7. SZATHMARY RECIPE PAMPHLET DIGITAL COLLECTION
From 1880 to 1930, cooking radically changed alongside industrialization, which increased commercial food in diets and expanded the availability of products. To encourage consumer loyalty you might have received a “Now you’re cooking with tomato paste” pamphlet in the mail from Contadina, or an “Around the kitchen clock with walnuts” brochure from the California Walnut Growers Association. The Szathmary Recipe Pamphlet Digital Collection, amassed by Hungarian-born chef Louis Szathmary at the University of Iowa Libraries, has over 4000 recipe pamphlets from these decades of change.
8. FOUR POUNDS FLOUR
On Four Pounds Flour, “historic gastronomist” Sarah Lohman deciphers recipes, mainly from 18th and 19th century American cuisine, and attempts to recreate or interpret the obscure meals. She recently purchased a bay leaf plant just to blend 18th and 19th century ice creams, cooked eggs for seven hours as if preparing for a 19th-century Jewish Sabbath, and tracked down the origins of that Thanksgiving staple: sweet potato casserole. Her upcoming publication Eight Flavors: The Untold Story of American Cuisine will further delve into this savory history.
9. DUKE UNIVERSITY LIBRARIES DIGITAL COLLECTIONS
Among the formidable Emergence of Advertising in America: 1850-1920 collection at Duke University Libraries are hundreds of booklets and cookbooks published to promote food products as part of modern consumer culture. The 1920s “How Phyllis Grew Thin” has lean dishes throughout its pages, but is basically one long advertisement for the quack medicine Lydia E. Pinkham’s Vegetable Compound pills; “Sixty One Uses for Salt with Some Comment on the Kind of Salt to Use” was distributed by the Diamond Crystal Salt Co.; and the 1916 “Excellent Recipes for Baking Raised Breads” extolled Fleischmann’s Yeast.
10. SERVICE THROUGH SPONGE CAKE
The Indiana University Library and Indianapolis Public Library joined together to create Service through Sponge Cake. Launched in 2010, it celebrates DIY cookbooks from churches, community organizations, and synagogues, where everyone suggested their favorite cookies or casseroles.

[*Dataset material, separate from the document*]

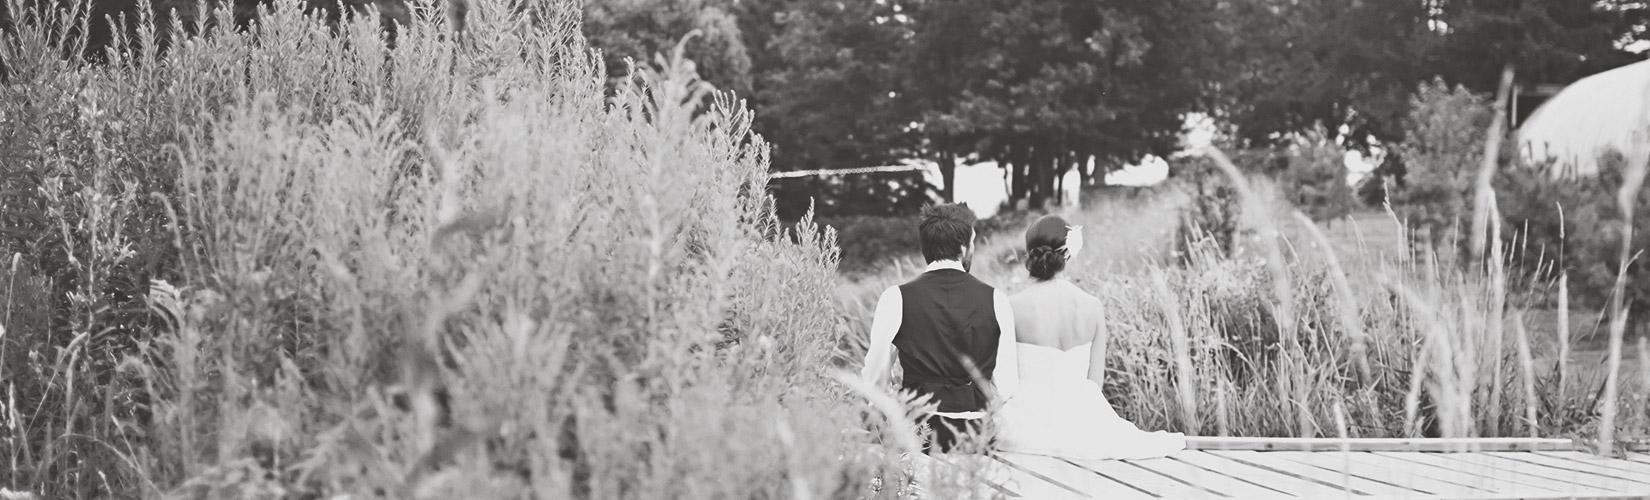 pareja-puente-de-madera-disena-tu-boda-web

The resource includes 200 Years of Black Cookery from 1976 by the Indianapolis Black Bicentennial Committee, 1944 baking from the 4-H Club, and a 1975 Spanish & Latin-American Cookbook from the Hispano-American Center of Indianapolis.

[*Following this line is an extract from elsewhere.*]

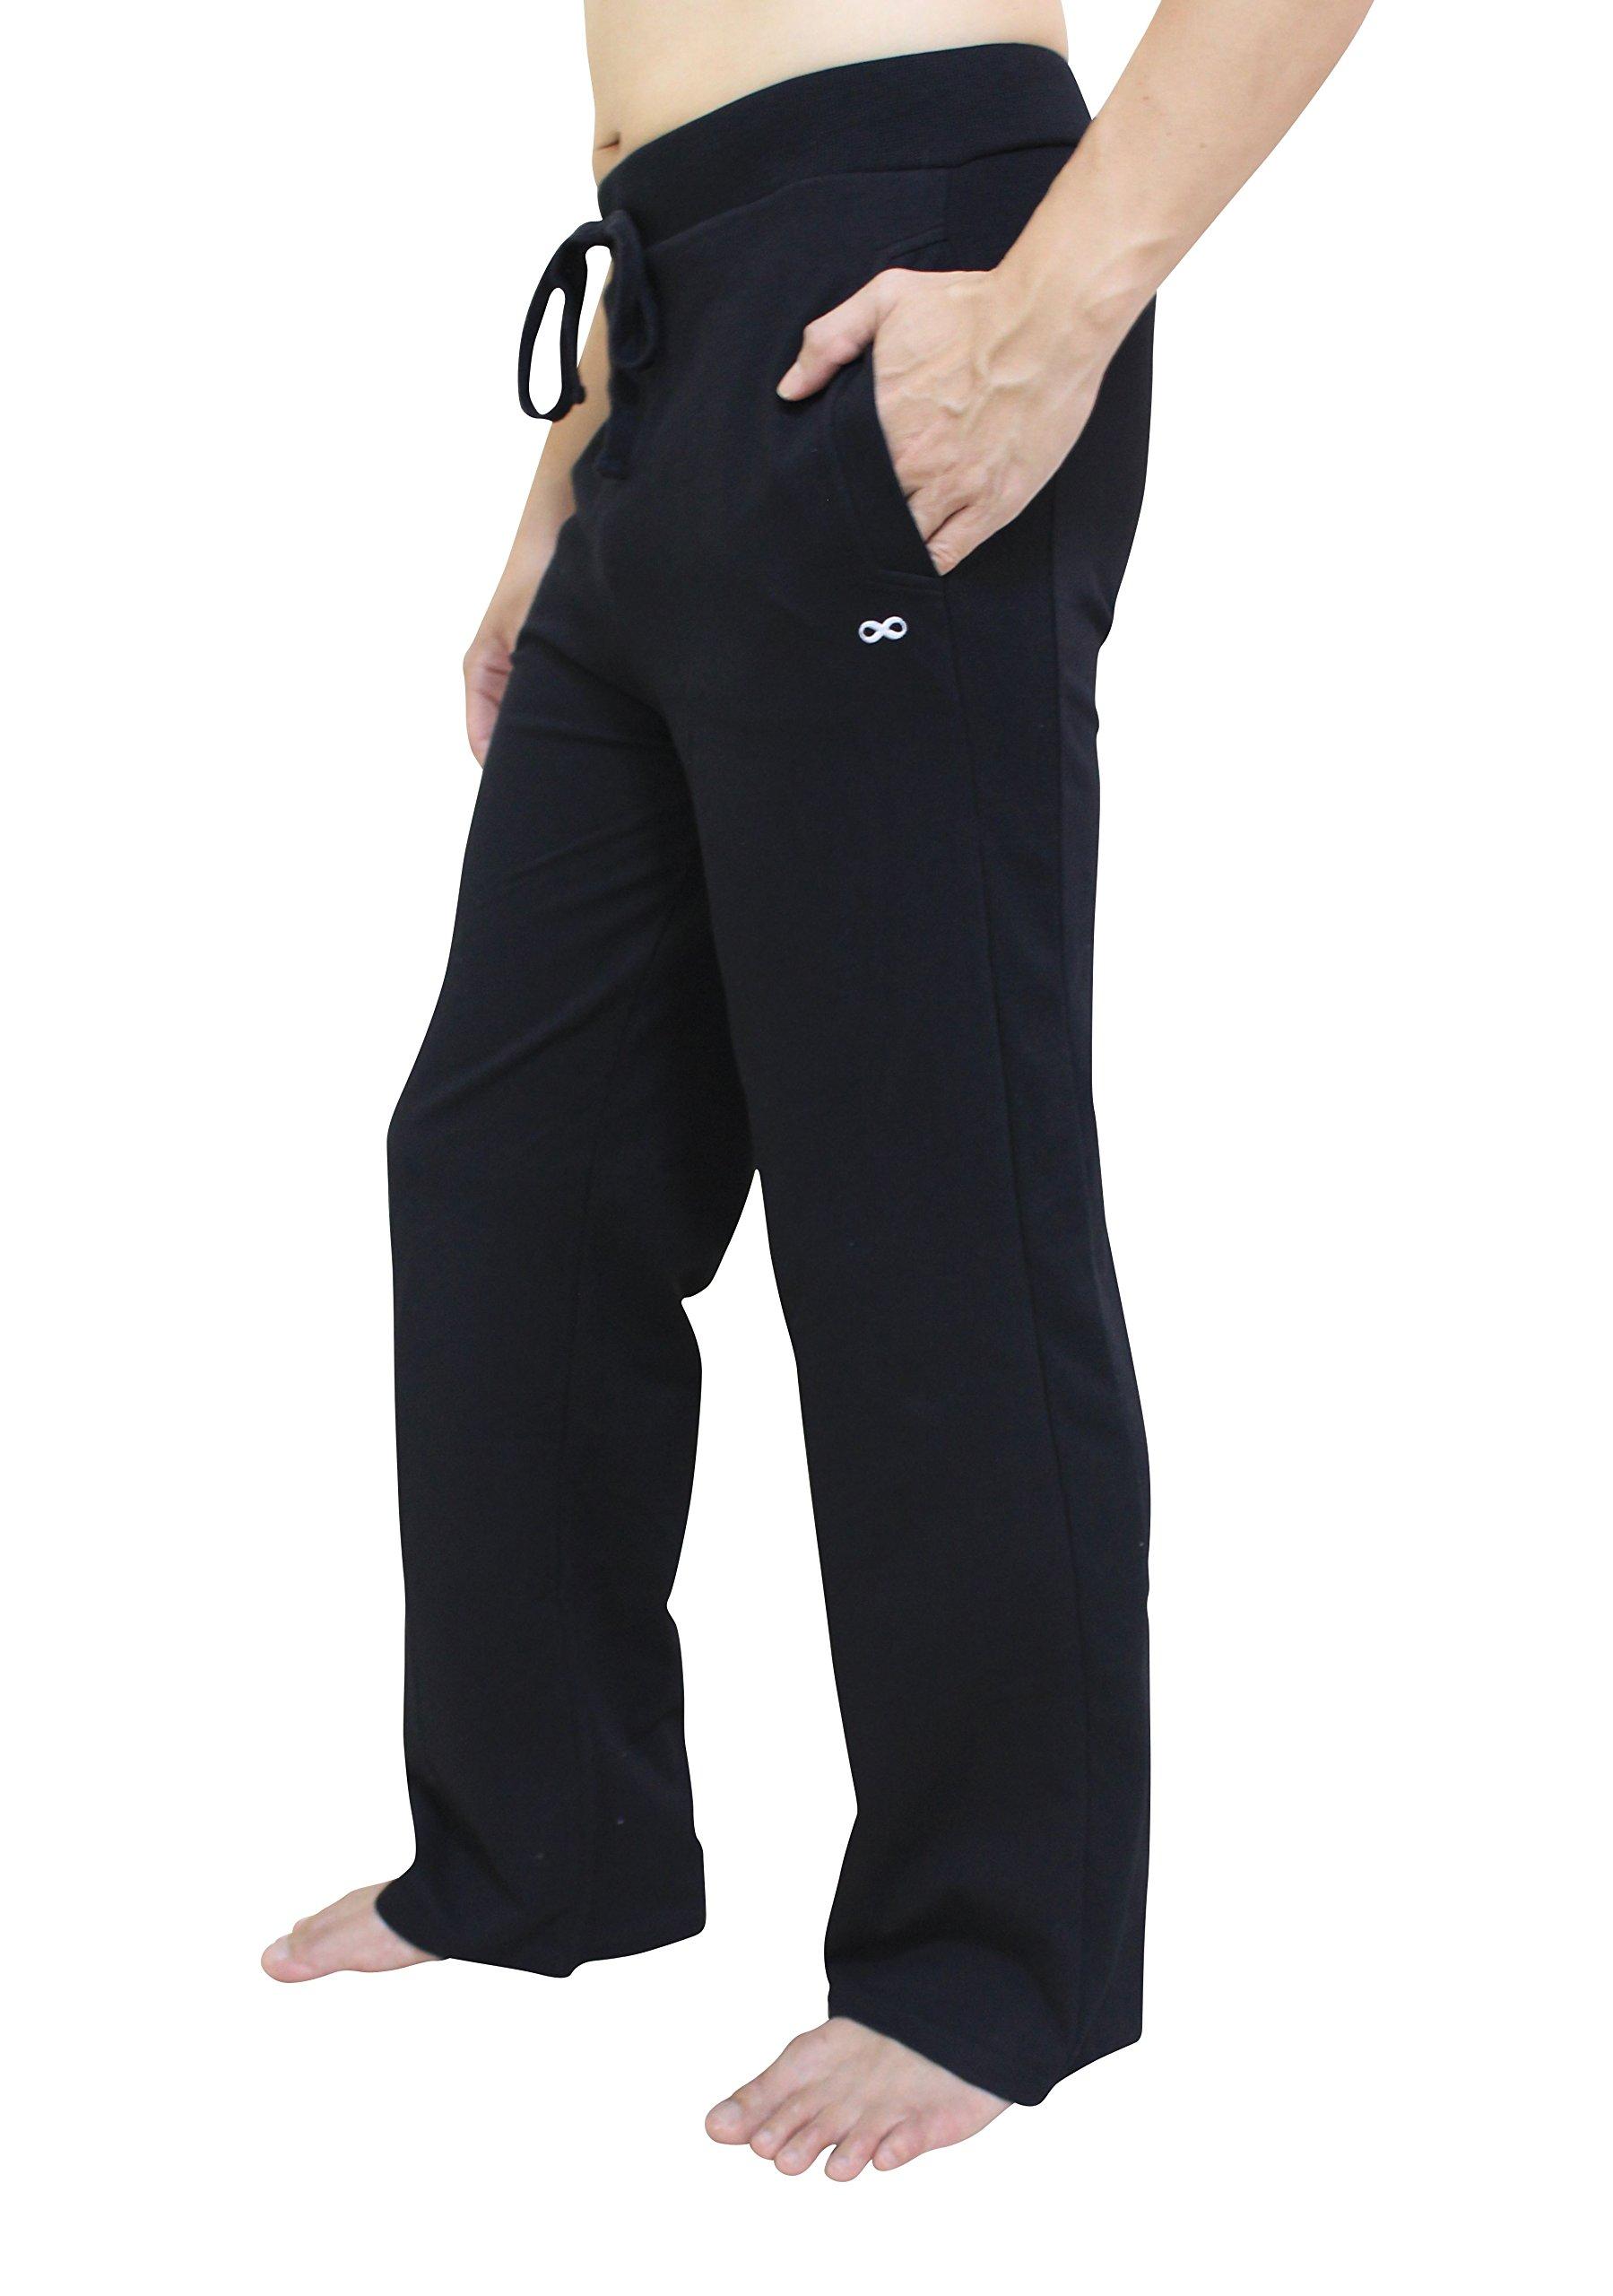 YogaAddict Men's Yoga Long Pants, Black - Size M by YogaAddict

11. TEXAS TECH UNIVERSITY LIBRARIES
The historical cookbooks collection online at Texas Tech University Libraries Digital Collections definitely has a Lonestar State feel. One title is the 1914 Cooking Tough Meats, with a chicken fricasse “for a tough fowl” and directions on how to make mutton stew from neck pieces. Yet there’s a lot to explore beyond such carnivorous conundrums, like the exhaustive 1978 Sixteen Cottage Cheese Recipes, and the patriotic World War II-era Food Is Ammunition put out by the Georgia Agricultural Extension Service.
12. VIRGINIA TECH CULINARY HISTORY COLLECTION
Virginia Tech’s History of Food & Drink Collection features several hundred publications on the culinary arts, mainly from the 19th and early 20th century, although there’s also a digitized recipe book from 1731 [PDF] that opens with guidelines on how to pickle everything from a “great cucumber” to kidney beans. Among the vintage cookbooks, you can also find a 1930s cocktail manual, and the 1923 Salads, Sandwiches and Chafing-dish Dainties which answers such pressing questions as “are midnight suppers hygienic?” alongside its recipes for “pineapple-and-cream-cheese salad, Easter style” and eggs à la king.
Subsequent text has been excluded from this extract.